Business Associate Subcontractor Agreements: What You Need to Know

As a business owner, you likely understand the importance of safeguarding your sensitive information and protecting it from cyber threats. The Health Insurance Portability and Accountability Act (HIPAA) outlines strict standards for managing protected health information (PHI) in the healthcare industry. However, HIPAA`s regulations extend beyond healthcare organizations, affecting any business that handles PHI.

If your business works with healthcare providers or insurance companies, you may need to sign a Business Associate Agreement (BAA) to comply with HIPAA regulations. Additionally, if you contract with other companies to help you manage or process PHI, you may need to sign a Business Associate Subcontractor Agreement (BASA).

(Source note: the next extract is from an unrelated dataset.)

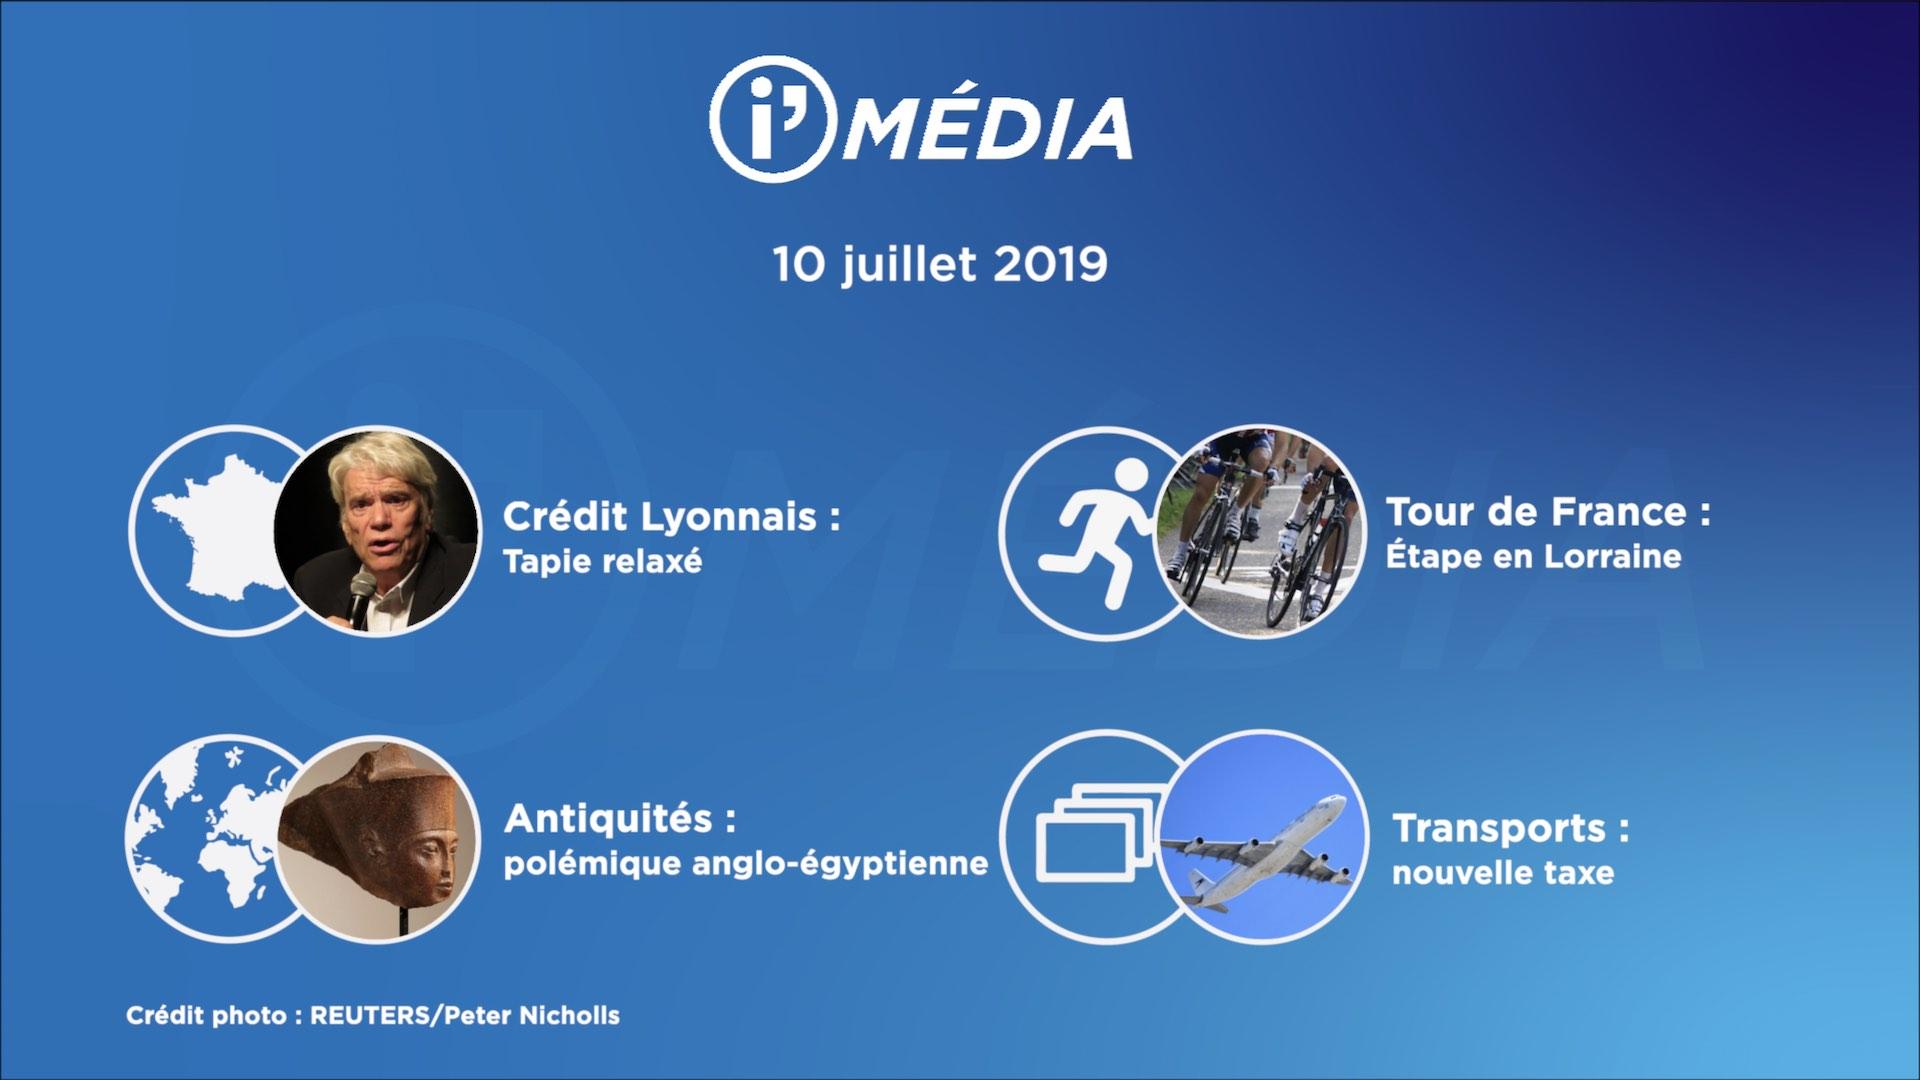 I'média 10 juillet 2019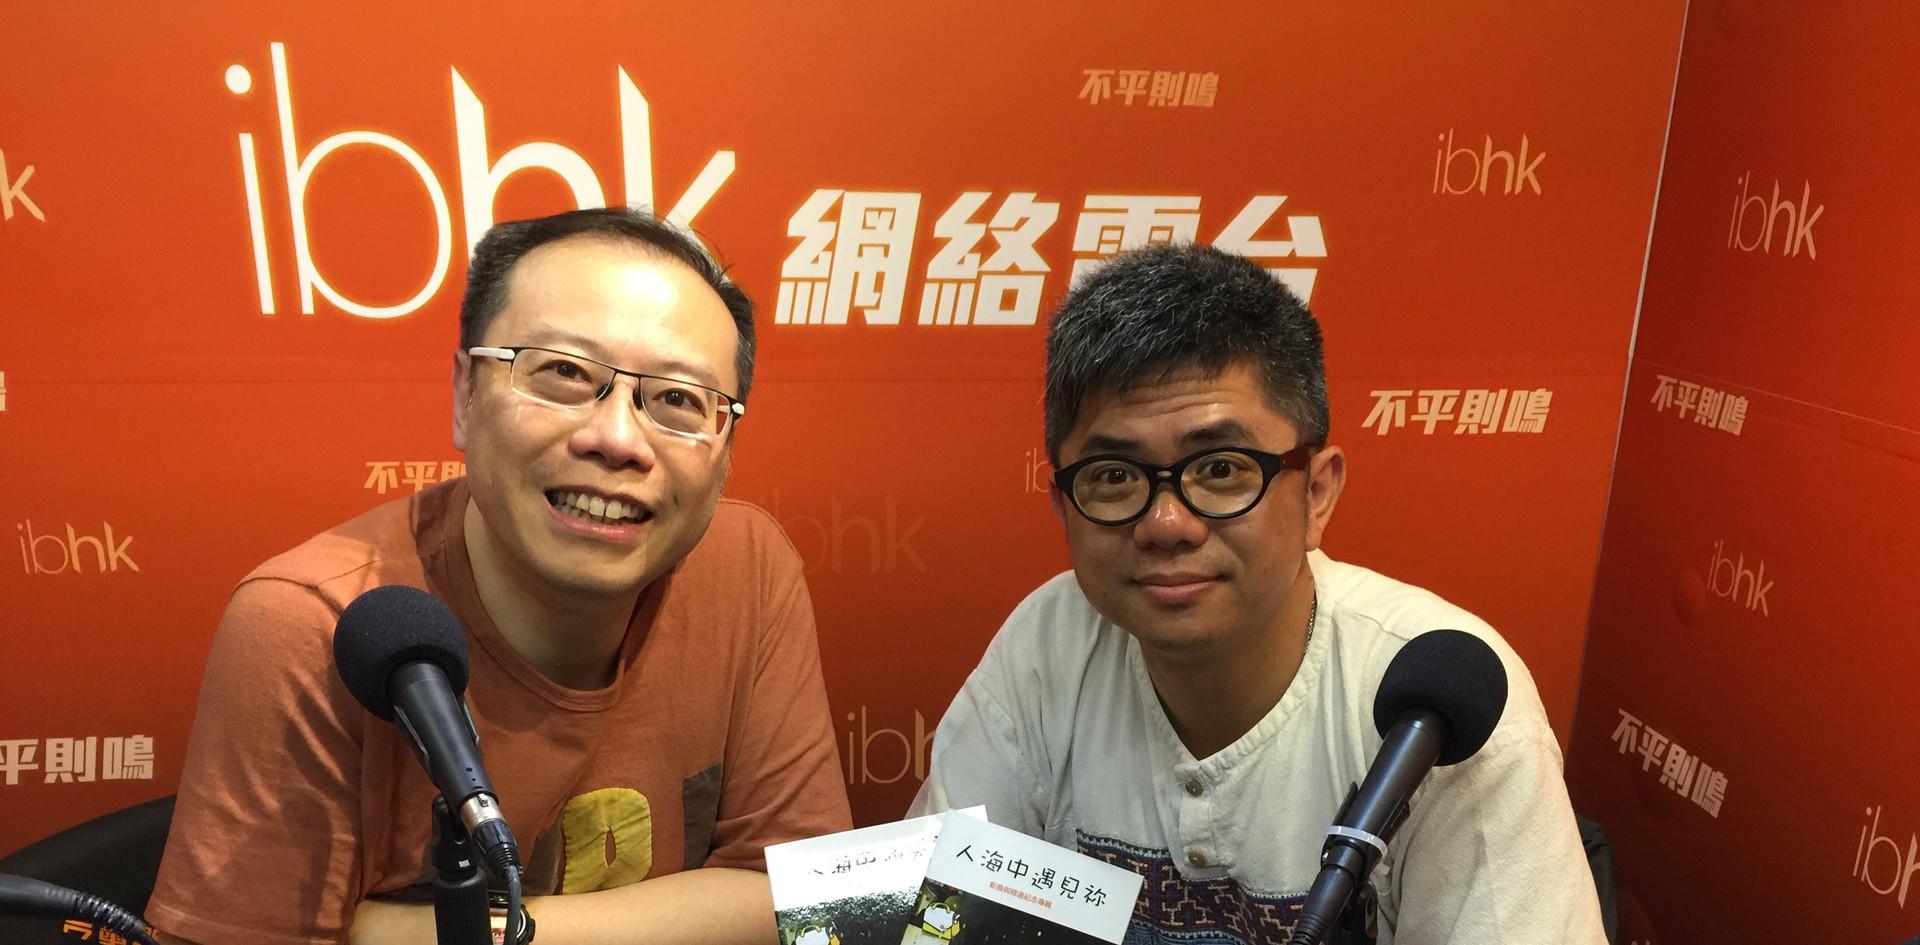 IBHK net radio

What is a Business Associate Subcontractor Agreement?

A BASA is a legal agreement between a business associate and subcontractor that outlines the subcontractor`s obligations when handling PHI. A business associate is any person or organization that performs or assists a covered entity in performing a function or activity involving PHI. A subcontractor is any person or organization contracted by the business associate to perform such a function or activity.

The Department of Health and Human Services (HHS) requires that business associates ensure that their subcontractors comply with HIPAA`s rules and regulations. This obligation includes entering into a written agreement with subcontractors, outlining their responsibilities when handling PHI.

What should a Business Associate Subcontractor Agreement include?

A BASA should cover the same requirements as a regular BAA, including:

– The type of PHI the subcontractor will access or work with

– The purpose and scope of the subcontractor`s work and access to PHI

– The subcontractor`s responsibilities and obligations to protect PHI

– The required safeguards and privacy measures to secure PHI

– The subcontractor`s reporting requirements in the event of a breach

– The subcontractor`s indemnification obligations in case of a breach

– The subcontractor`s obligations to return or destroy PHI when the contract ends

– The subcontractor`s obligations to provide access to PHI for patient requests

It`s important to note that the subcontractor cannot use or disclose PHI for any other purposes than those outlined in the agreement. The subcontractor must also comply with all HIPAA regulations, including the Security Rule, Privacy Rule, and Breach Notification Rule.

How to ensure compliance with Business Associate Subcontractor Agreements

To ensure compliance with BASAs, you should implement the following best practices:

– Review and update your BASAs regularly to reflect any changes in the scope of work or business operations.

– Conduct due diligence on subcontractors before entering into agreements with them. This should include verifying that the subcontractor has appropriate security measures in place, including encryption and data backups.

– Provide regular training to subcontractors on HIPAA regulations and ensure that they understand their obligations under the BASA.

– Implement proper monitoring and auditing of subcontractors` activities to ensure compliance with the BASA.

– Include provisions in your legal contracts that require subcontractors to notify you of any potential breaches or security incidents.


Business Associate Subcontractor Agreements are vital for ensuring that subcontractors comply with HIPAA regulations and protect PHI. As a business owner, it`s your responsibility to ensure that your subcontractors follow these agreements and take the necessary measures to secure PHI. By implementing best practices and regularly reviewing your contracts, you can protect your business from potential legal and financial repercussions.